Amidst all of this, there is no frank statement of the implications of the likely consequences of nuclear war. Politicians, high-ranking military personnel, and the media are talking nonchalantly about an event that could lead to the annihilation of hundreds of millions, even billions, of people.
What accounts for the difference between the response to the Cuban Missile Crisis and the situation today? Ultimately, the fact that the Cuban Missile Crisis did not lead to nuclear war can be attributed to the character of the political period. In the 1960s American imperialism was passing through the era of the postwar capitalist boom. The Soviet Union, encompassing one-sixth of the world’s land mass, was in an immeasurably stronger position than the desperate and encircled Russian state.
Putin’s national chauvinism and xenophobia offer no alternative to the crisis created by US imperialism. Putin, speaking for a parasitic Russian oligarchy, fears the Russian working class even more than he does the US and the West. His response to the disaster created by the dissolution of the USSR blends the medieval obscurantism of Tsarist Russia with the counterrevolutionary nationalist politics of Stalinism.
No faith can be placed on the “reasonableness” of the American or Russian oligarchies. The pandemic has already revealed the utter indifference to human life, both of the Kremlin regime, which has accepted the death of 400,000 people in Russia, and the imperialist ruling class in the US and Europe, whose “herd immunity” policies have led to millions of deaths worldwide.

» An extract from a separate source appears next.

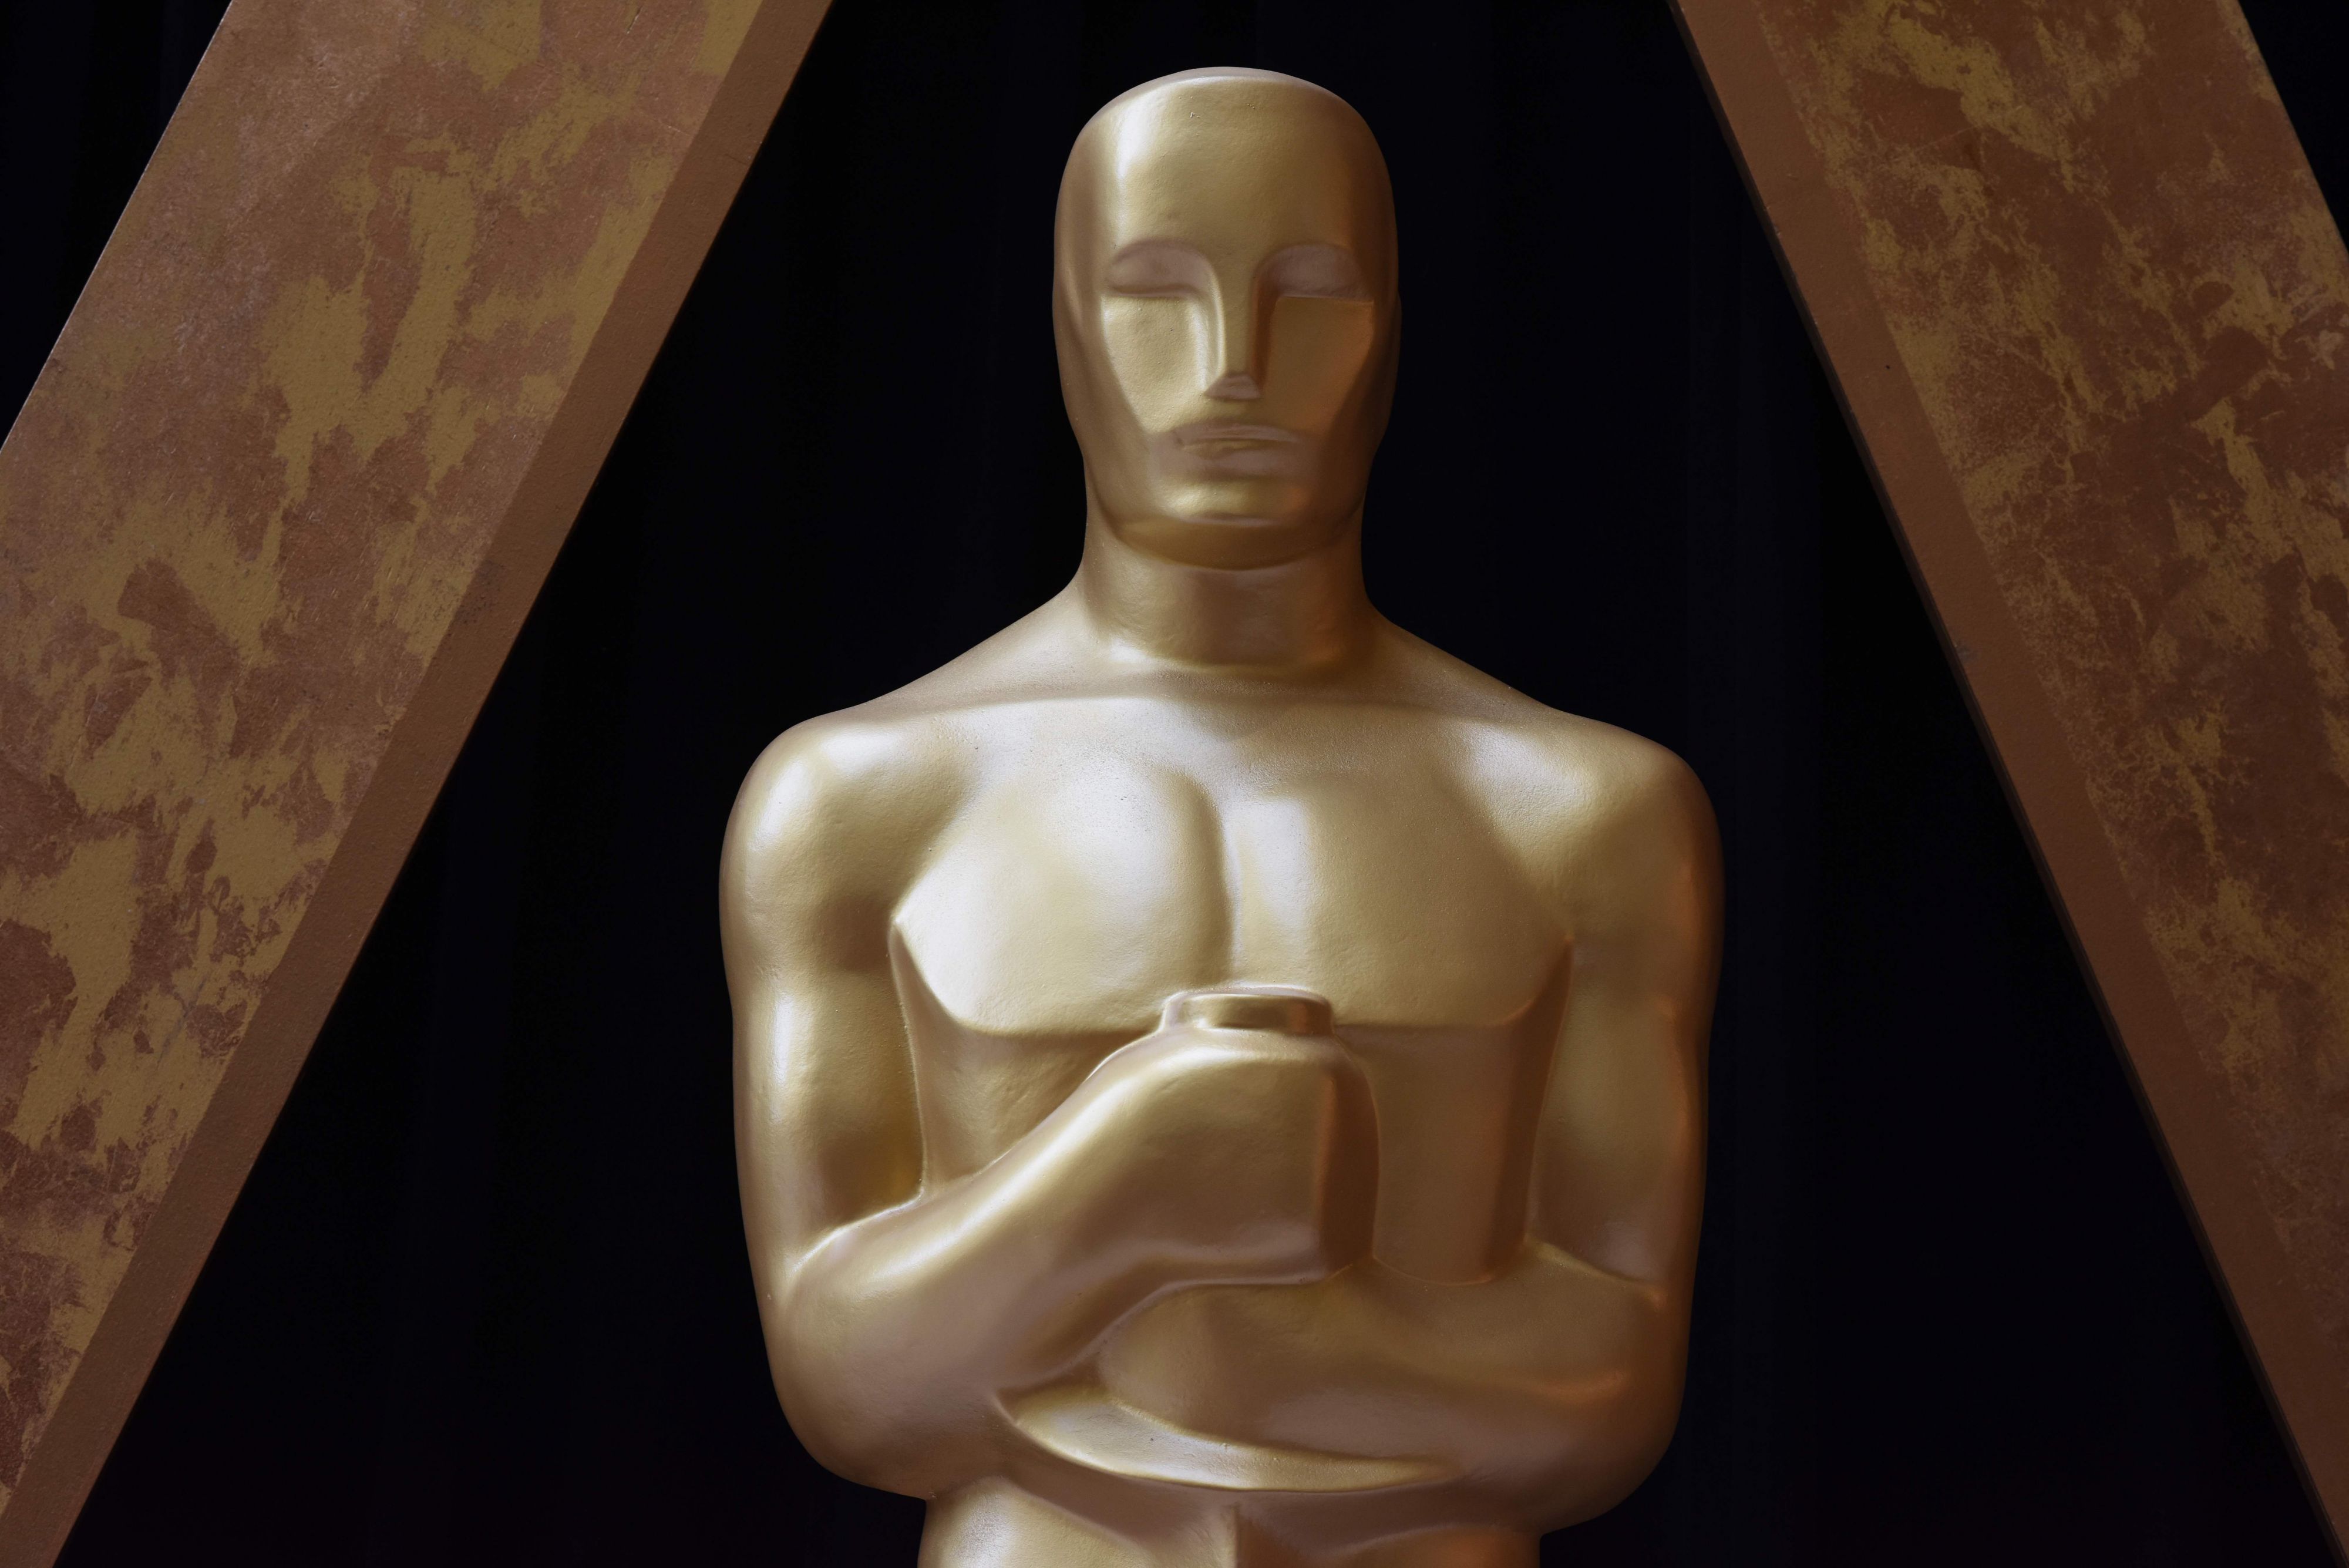 Uitreiking Oscars: welke films maken kans?

The reckless actions of governments that are leading the world to disaster must be countered by a global mass anti-war movement of the working class and youth.
The working class must demand the immediate end to this reactionary war. It is necessary to unify the struggle by workers in defense of their social and democratic rights with the struggle against war.
The building of a new anti-war movement must be based on the perspective of international socialism, rejecting all forms of nationalism and xenophobia and fighting for the unity of workers in every country.